At last it’s twelve o’clock, and she runs outside as soon as she hears Daniel’s car pull up. He jumps out and wraps his arms around her. ‘Let’s go back to bed,’ he murmurs, nuzzling her ear.

She wonders if he’s joking, but she can feel his body harden against her, and a moment later they are running up the stairs two at a time, throwing off their clothes and falling onto the bed, all reference to Othello forgotten.

‘I couldn’t focus on the documents this morning. Couldn’t wait to get you into bed again,’ he says, gazing at her.

‘The earth moved for me too.’ She smiles. ‘And I loved your Othello paraphrase.’

‘I thought of quoting Romeo and Juliet, but I didn’t want to risk bad karma. You know how they ended up.’
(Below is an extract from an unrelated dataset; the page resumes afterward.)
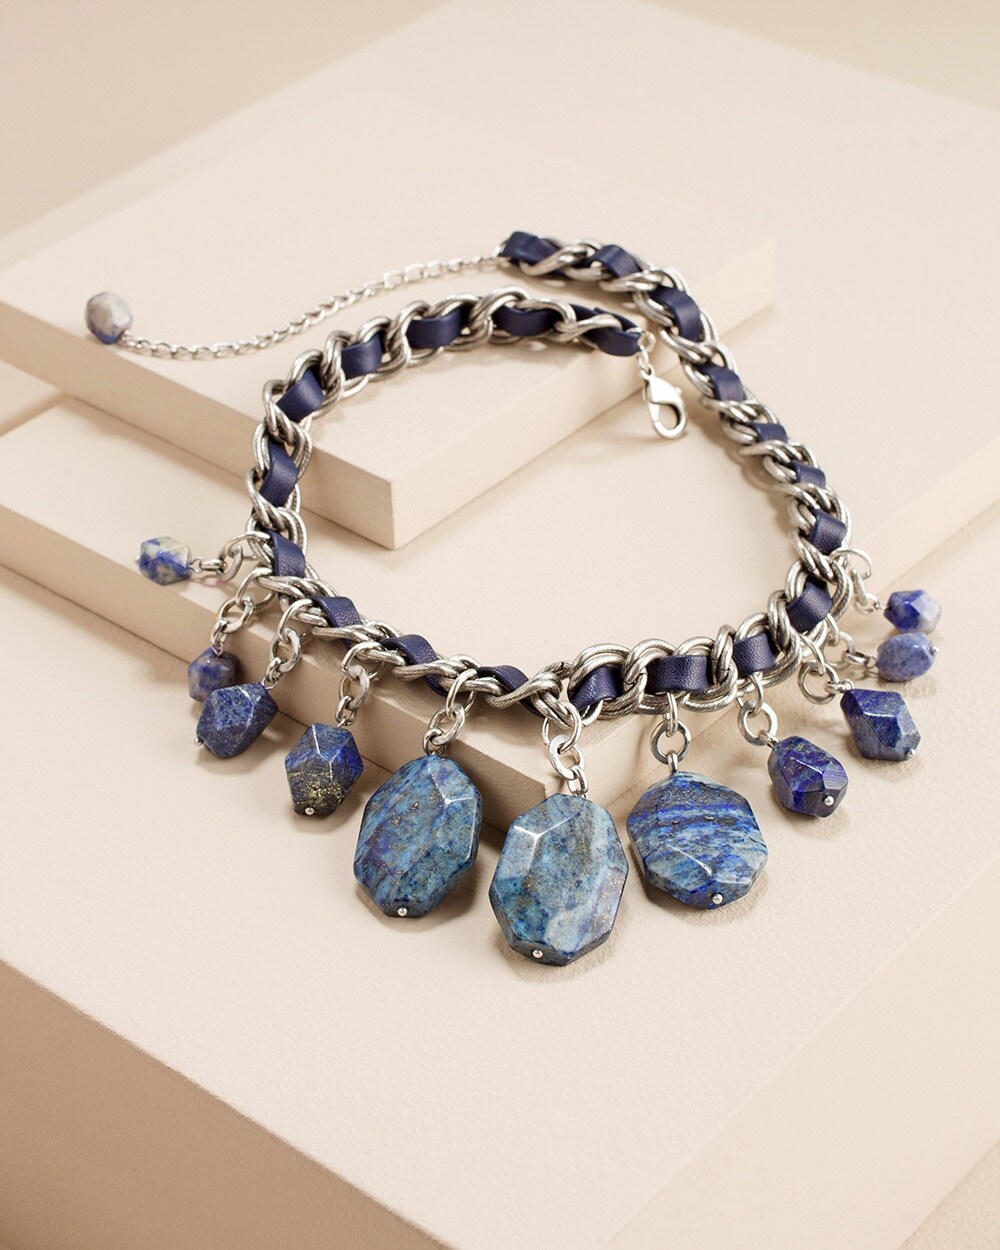 Blue Bib Necklace

‘What about A Midsummer Night’s Dream?’ she suggests

‘You want to be compared to Bottom the Weaver? Or maybe the Ass?’

They burst out laughing and fall back into bed. When they finally get up, they shower together, and he soaps her body so sensually that she feels like making love again.

As they sit at the kitchen table waiting for the coffee to percolate, she says, ‘You mentioned once that you were divorced. Someone from Melbourne?’

What she really wants to know is how long they were together, and what went wrong.

He is stirring the sugar far longer than necessary, and she waits.

Eventually he sums it up. ‘We met too young, lived together too long, and married too late.